Today is the first Monday in October, which means the United States Supreme Court is beginning a new term. The term that ended in June, though it had a couple of bright spots, was mostly more of what we have come to expect from the Roberts Court: bending the law in order to favor the powerful. In the term starting today, as discussed in PFAW Foundation's memo on the Key Cases In The Supreme Court's New Term, the Court will be deciding cases having an enormous impact on money in politics, access to abortion, racial discrimination in housing, religious liberty, and workers' rights. In some of these cases, the Court is being asked to overrule precedents that go back decades.

Some of the press coverage of the new term refers to the Chief Justice as preferring "incremental" rather than rapid change. For instance, this, from the Washington Post:

And the term will offer a chance for the conservative majority that has moved the court incrementally to the right to pick up the pace.

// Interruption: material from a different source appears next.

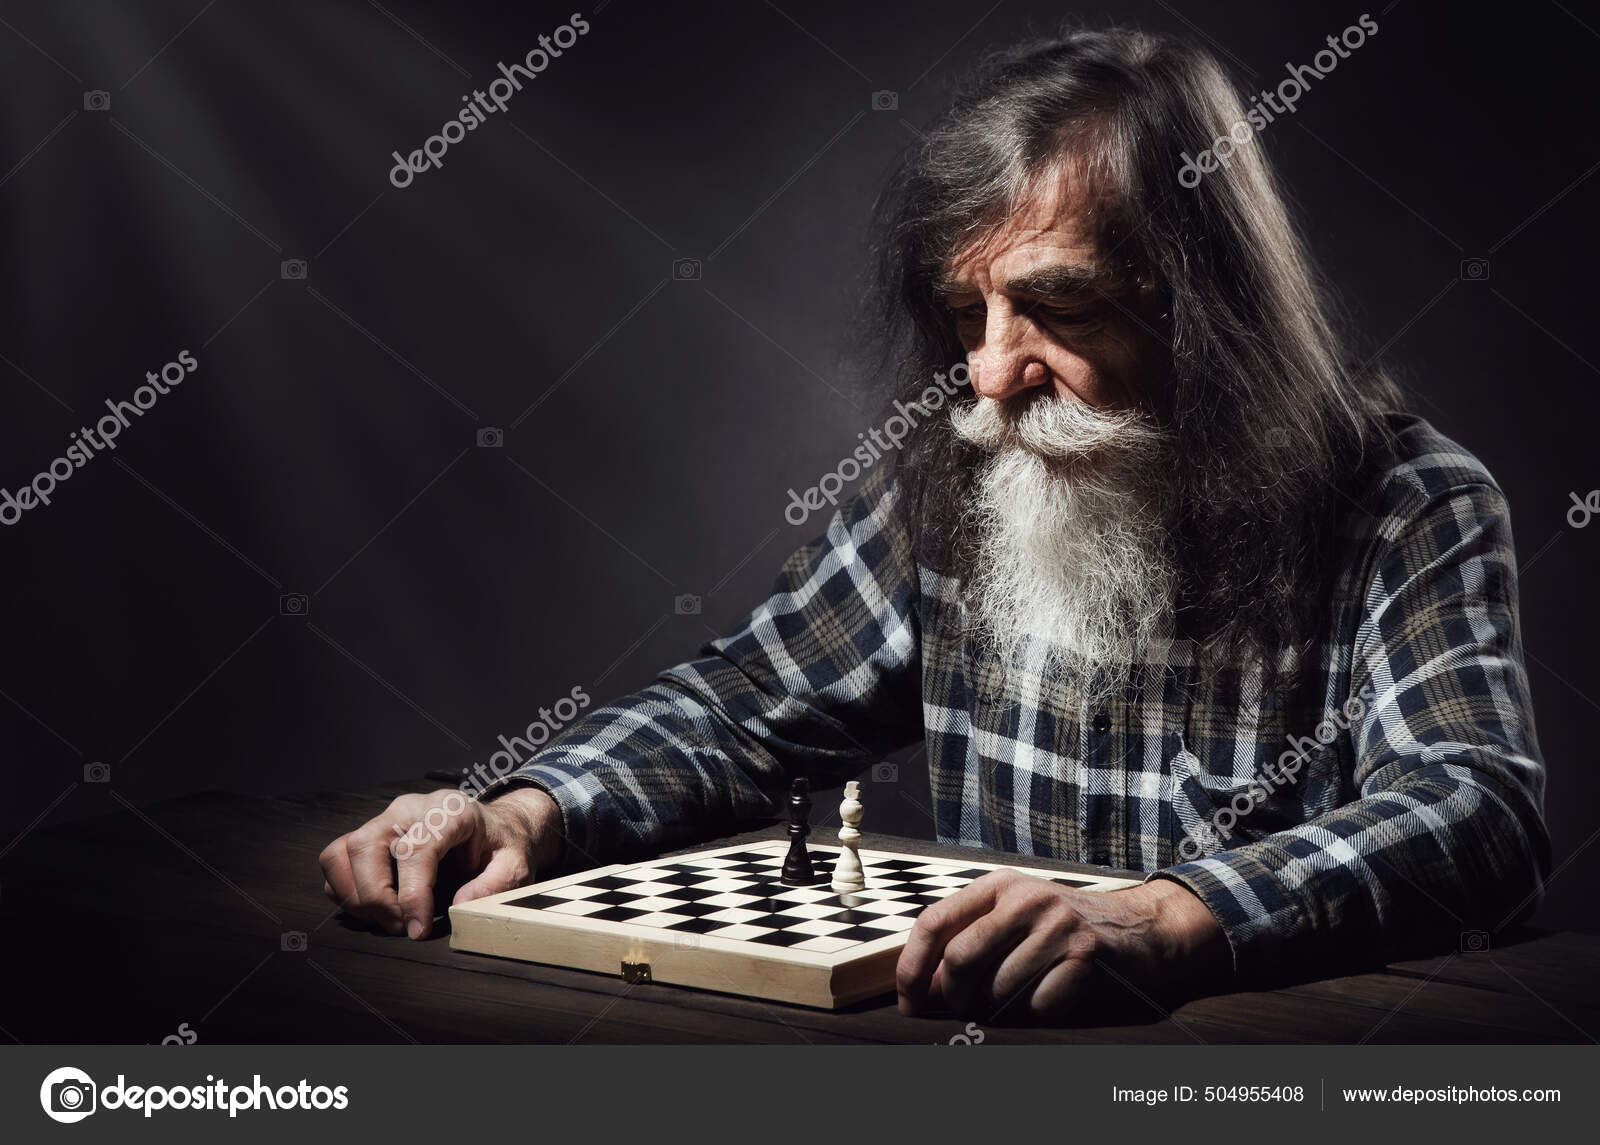 Young pensive man sitting and playing chess online

What we have seen since John Roberts and Samuel Alito joined the Court in 2005 and early 2006 is incremental change? I guess that's what you can call it when the far-right Court undermines, ignores, or wildly distorts precedent without admitting that's what they're doing, before finally openly turning the law upside down as they did in Citizens United or with the Voting Rights Act.

In several of the Court's cases this term, starting with the McCutcheon campaign finance case being argued tomorrow, the Justices are being asked to flatly overrule cases that have long defined the law and shaped society. It seems unlikely that parties would feel so free to make such radical asks were they not confident that this is a Court with little respect for precedent.